=== Begin Enclosure ===
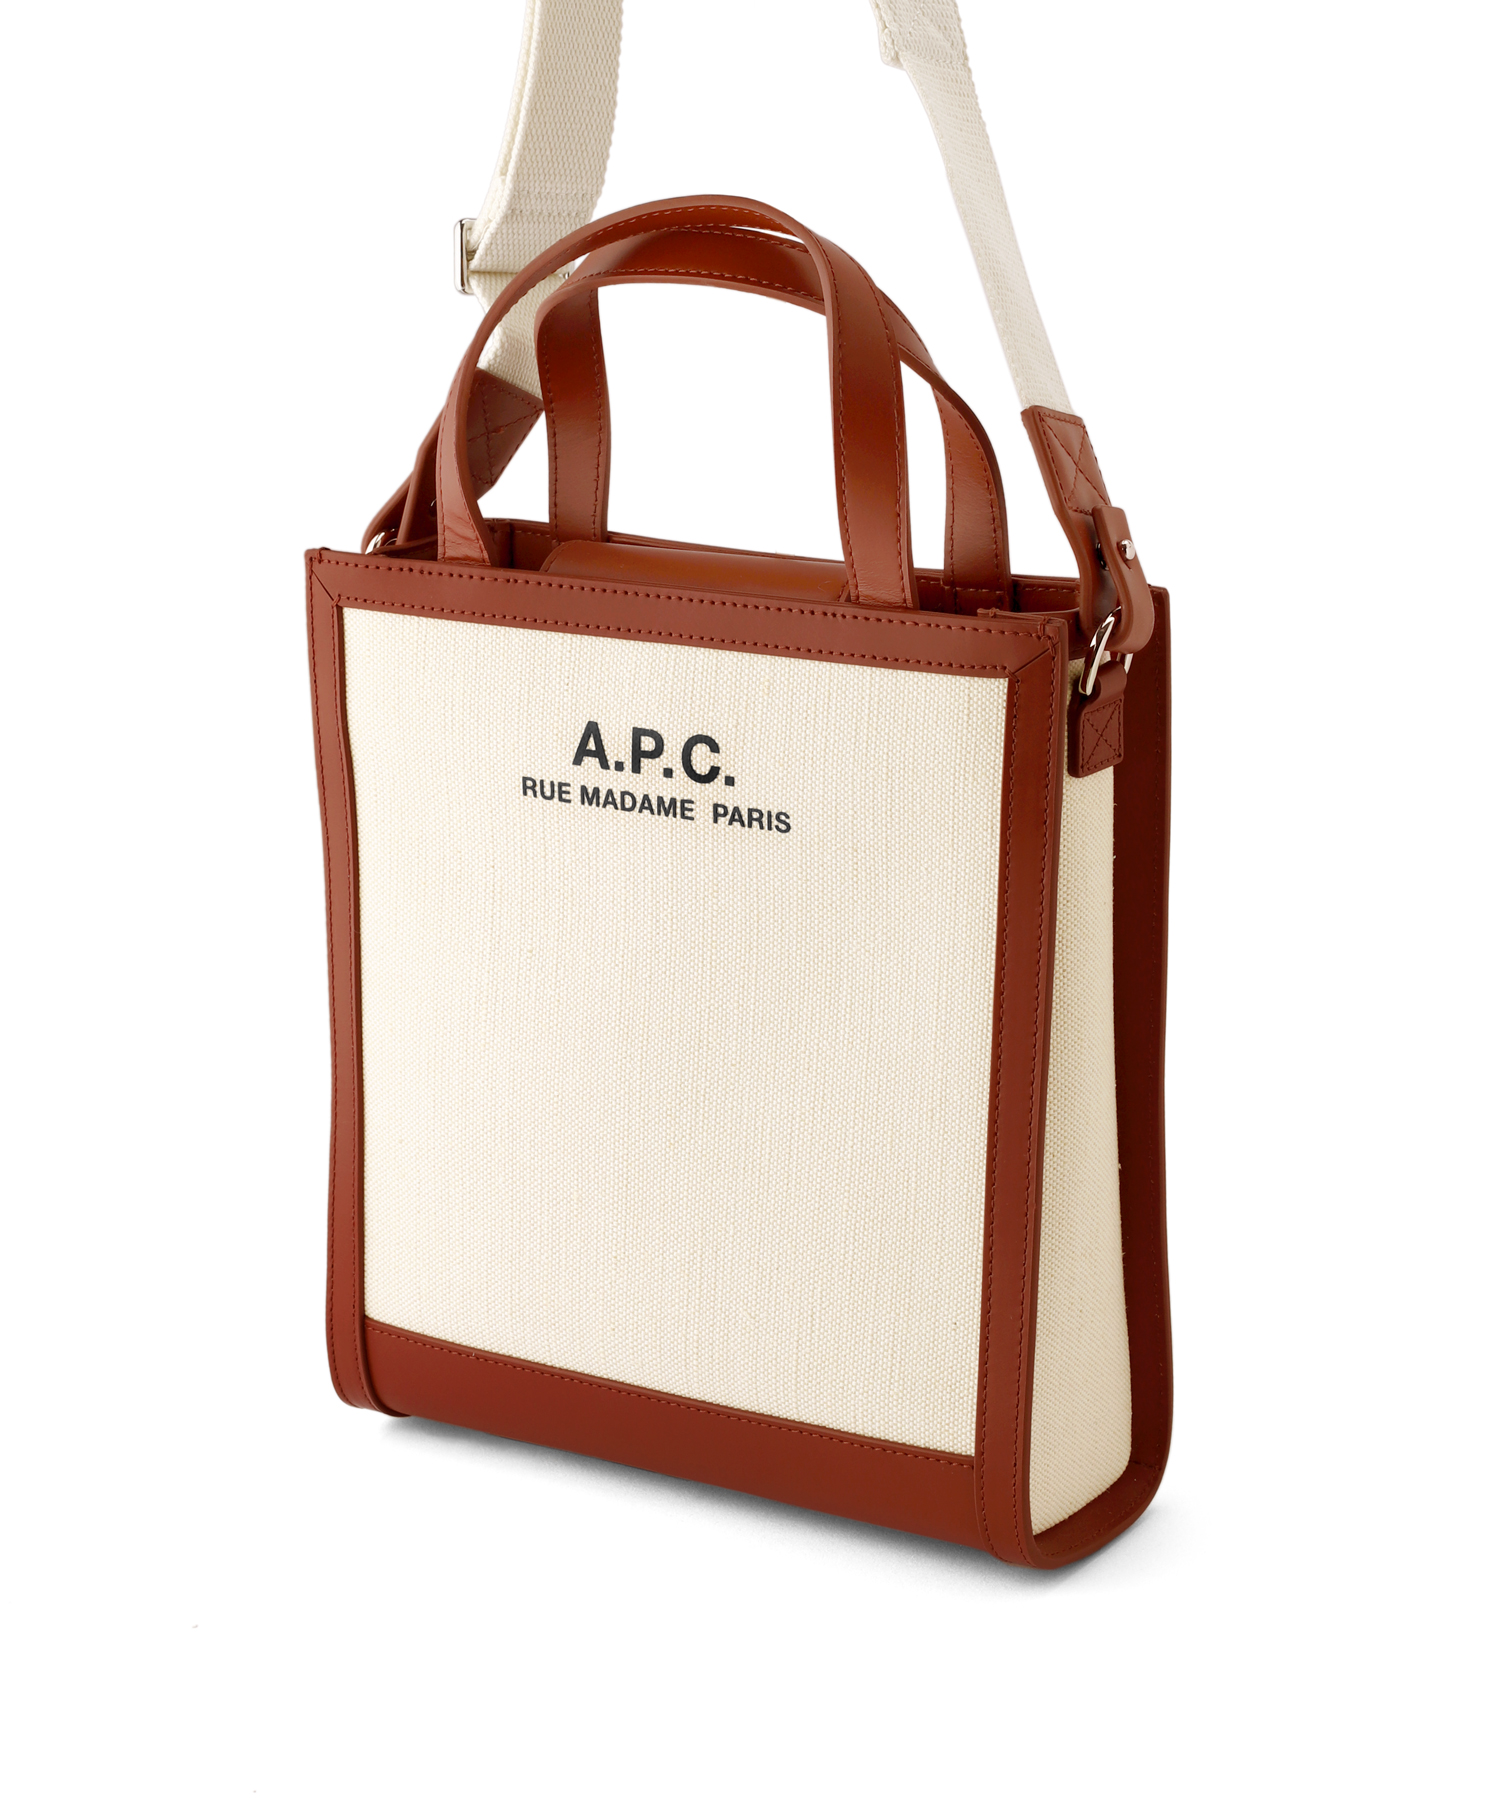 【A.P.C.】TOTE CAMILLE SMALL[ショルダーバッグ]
=== End Enclosure ===
=== Begin Enclosure ===
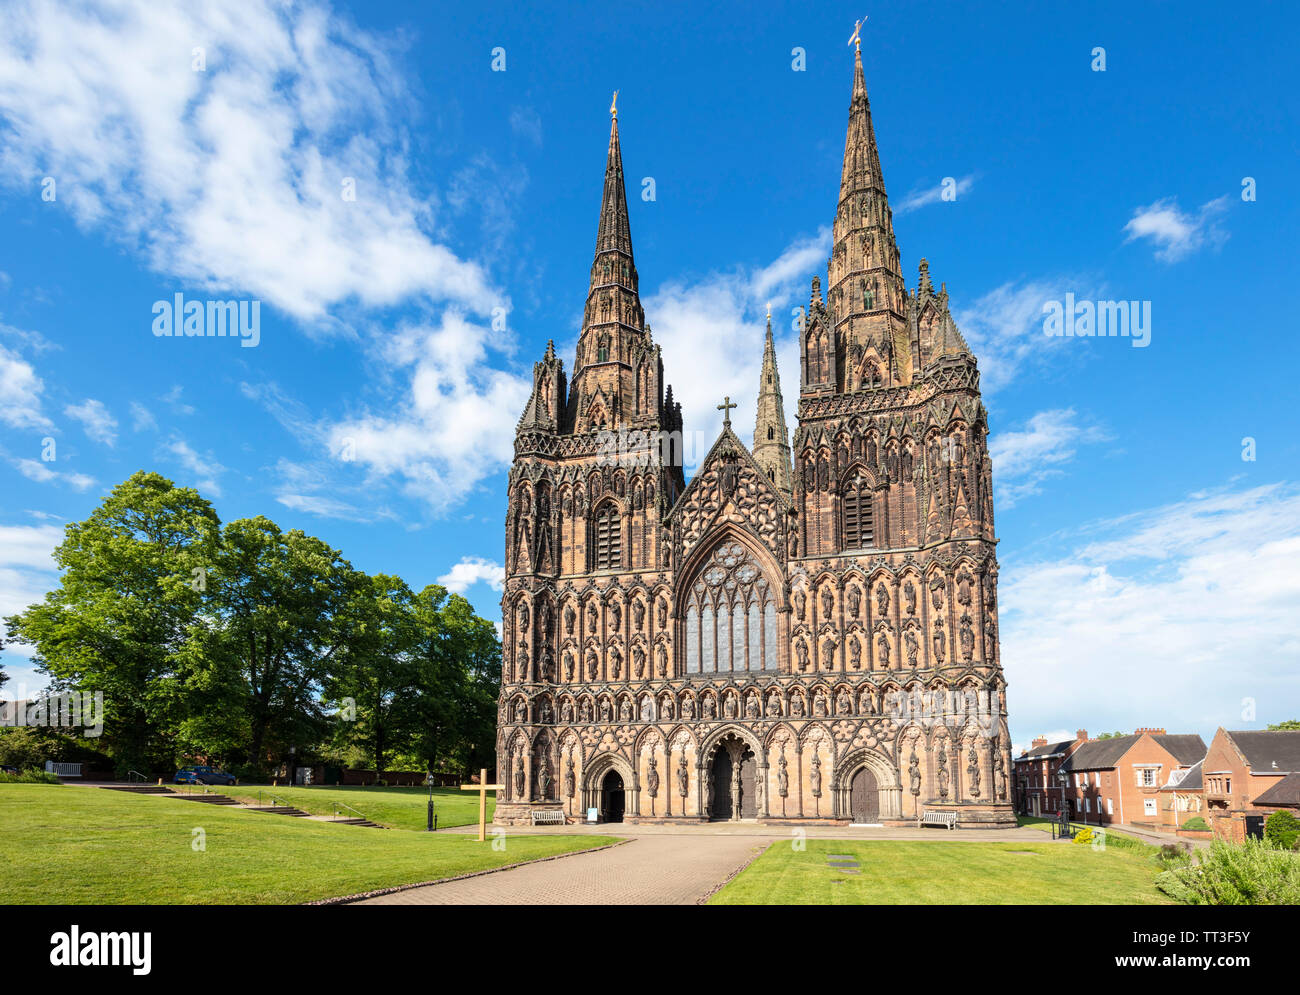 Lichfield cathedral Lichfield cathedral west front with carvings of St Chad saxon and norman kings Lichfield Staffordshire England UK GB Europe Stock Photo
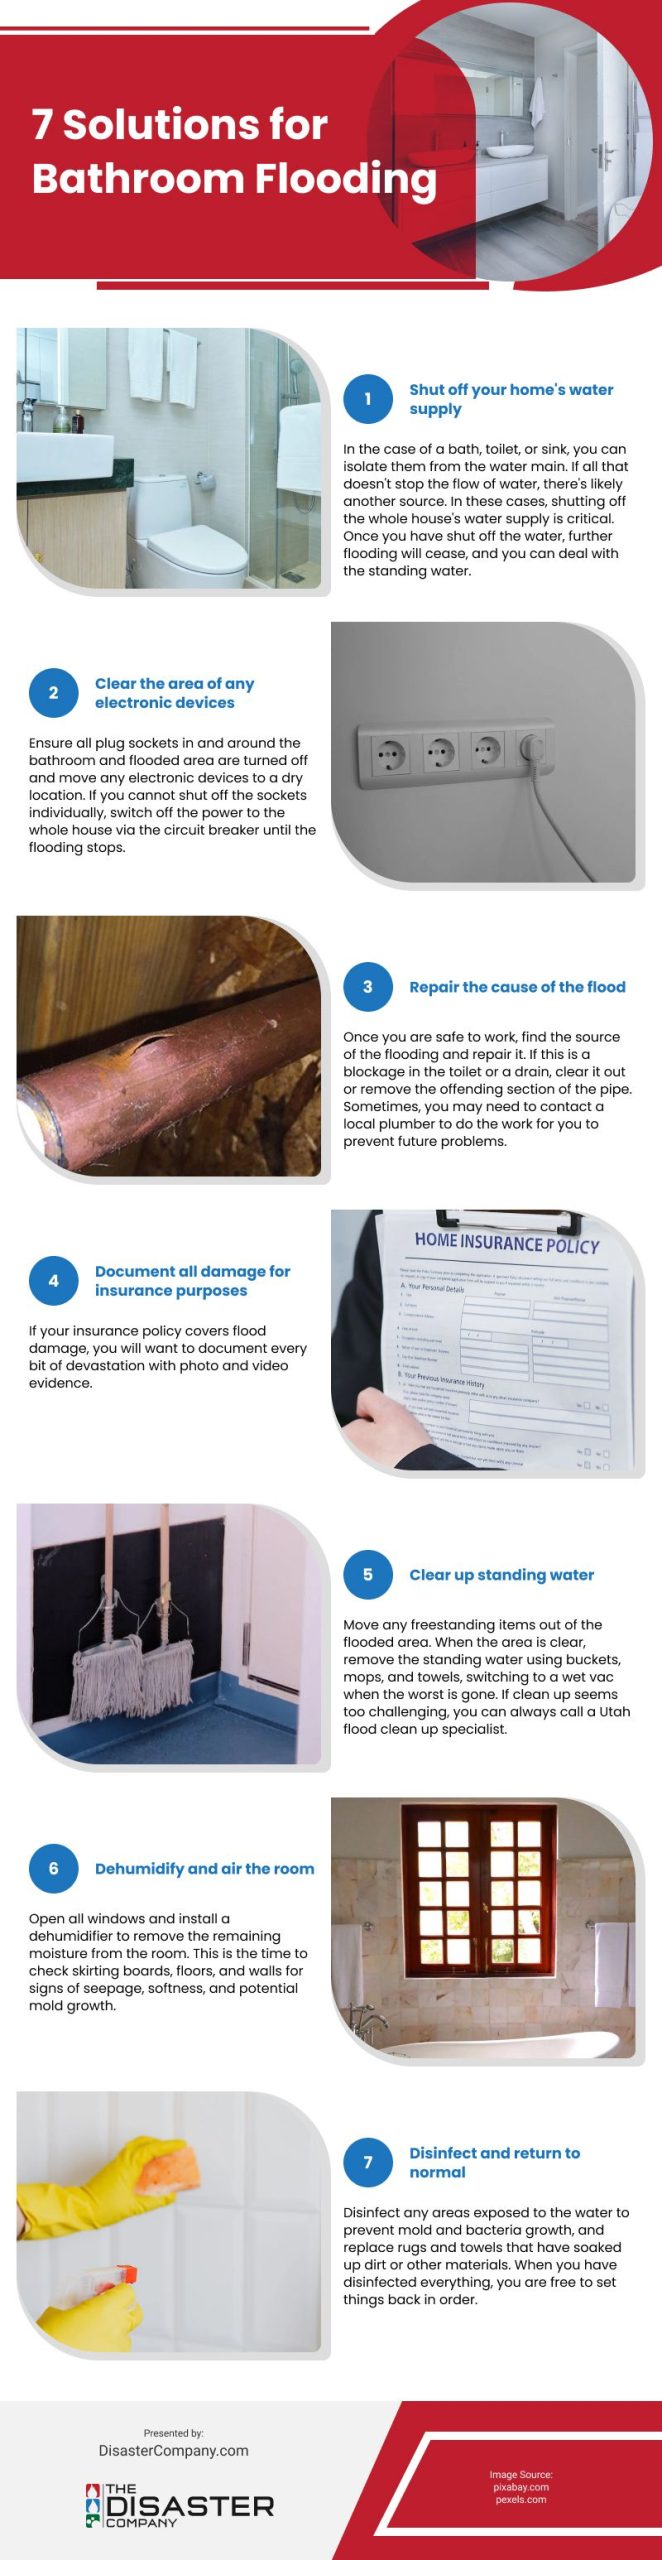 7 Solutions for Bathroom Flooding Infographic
=== End Enclosure ===
To do =>
Transcribe the listing above exactly, but only from the line with "Lichfield cathedral Lichfield" through the line with "7 Solutions for". Include both of those lines and omit the pictures.

Answer to the exercise =>
 Lichfield cathedral Lichfield cathedral west front with carvings of St Chad saxon and norman kings Lichfield Staffordshire England UK GB Europe Stock Photo
 7 Solutions for Bathroom Flooding Infographic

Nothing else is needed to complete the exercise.